▶ **Input for this task**
__________

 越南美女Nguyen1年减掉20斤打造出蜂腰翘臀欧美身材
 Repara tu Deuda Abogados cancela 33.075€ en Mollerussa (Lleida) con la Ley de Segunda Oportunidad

__________

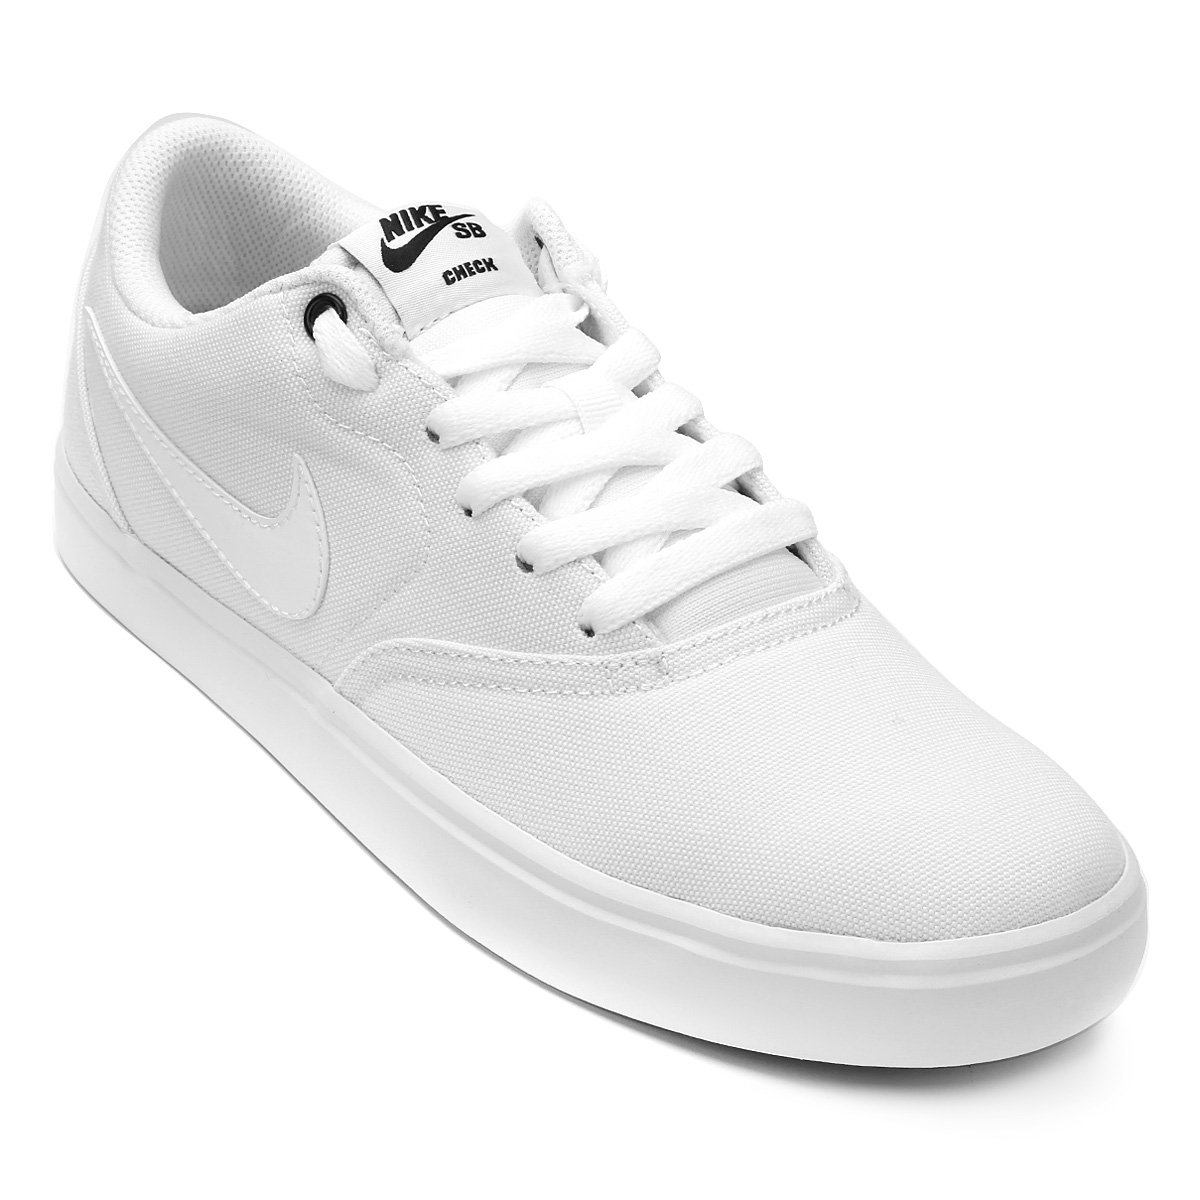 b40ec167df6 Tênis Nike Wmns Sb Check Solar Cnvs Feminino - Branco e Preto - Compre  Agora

__________

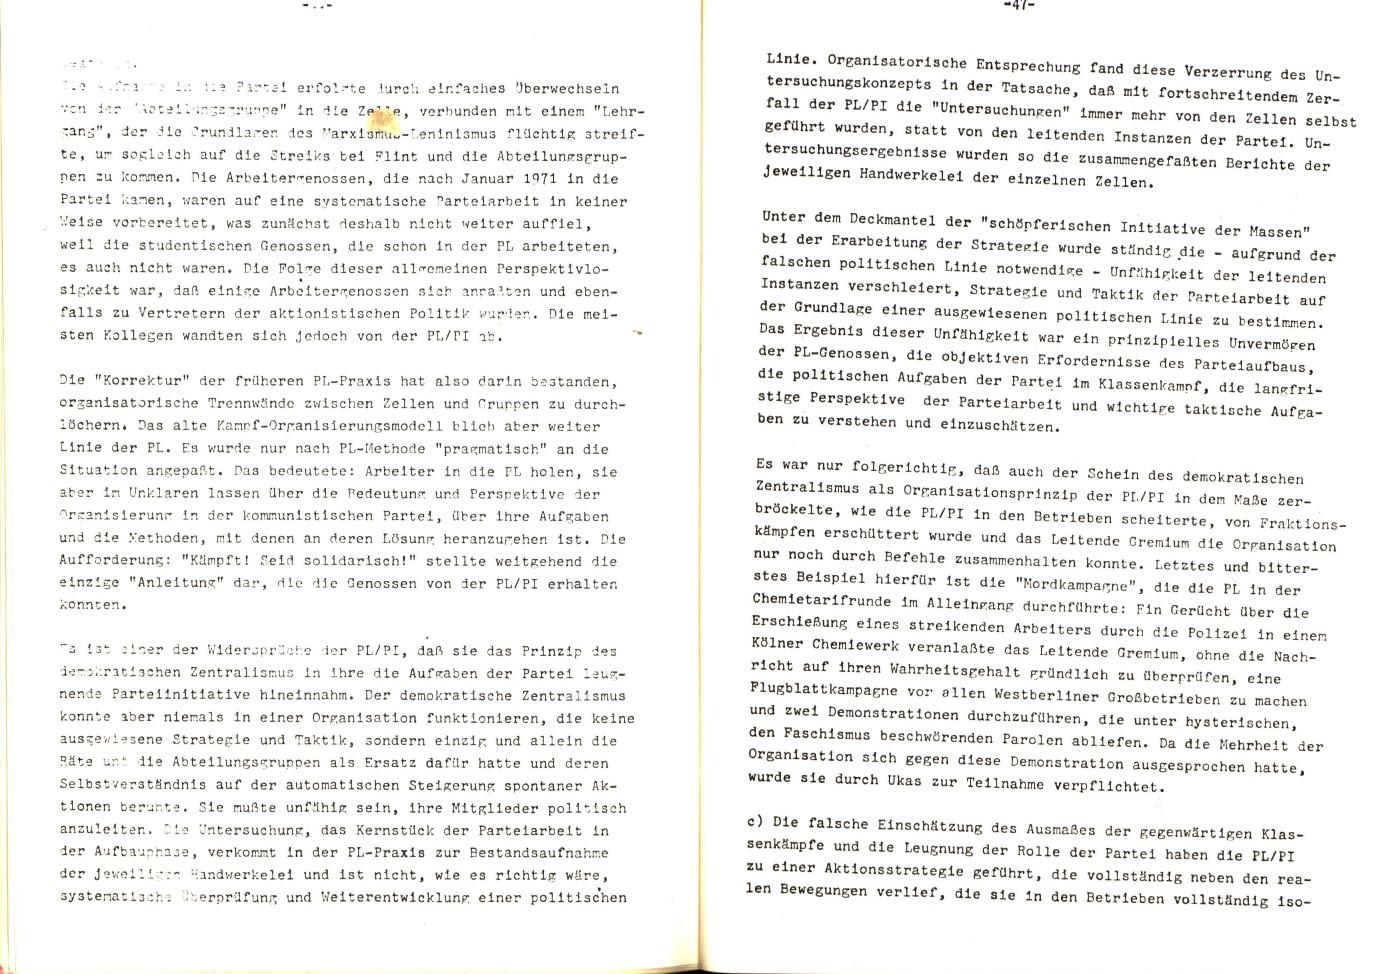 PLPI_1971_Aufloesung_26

__________

▶ **Required work**
Retype only the lines above between the line with "越南美女Nguyen1年减掉20斤打造出蜂腰翘臀欧美身材" and the line with "Repara tu Deuda", counting those two lines as well, and keep every character as it is.

▶ **Reply to the task**
 越南美女Nguyen1年减掉20斤打造出蜂腰翘臀欧美身材
 Repara tu Deuda Abogados cancela 33.075€ en Mollerussa (Lleida) con la Ley de Segunda Oportunidad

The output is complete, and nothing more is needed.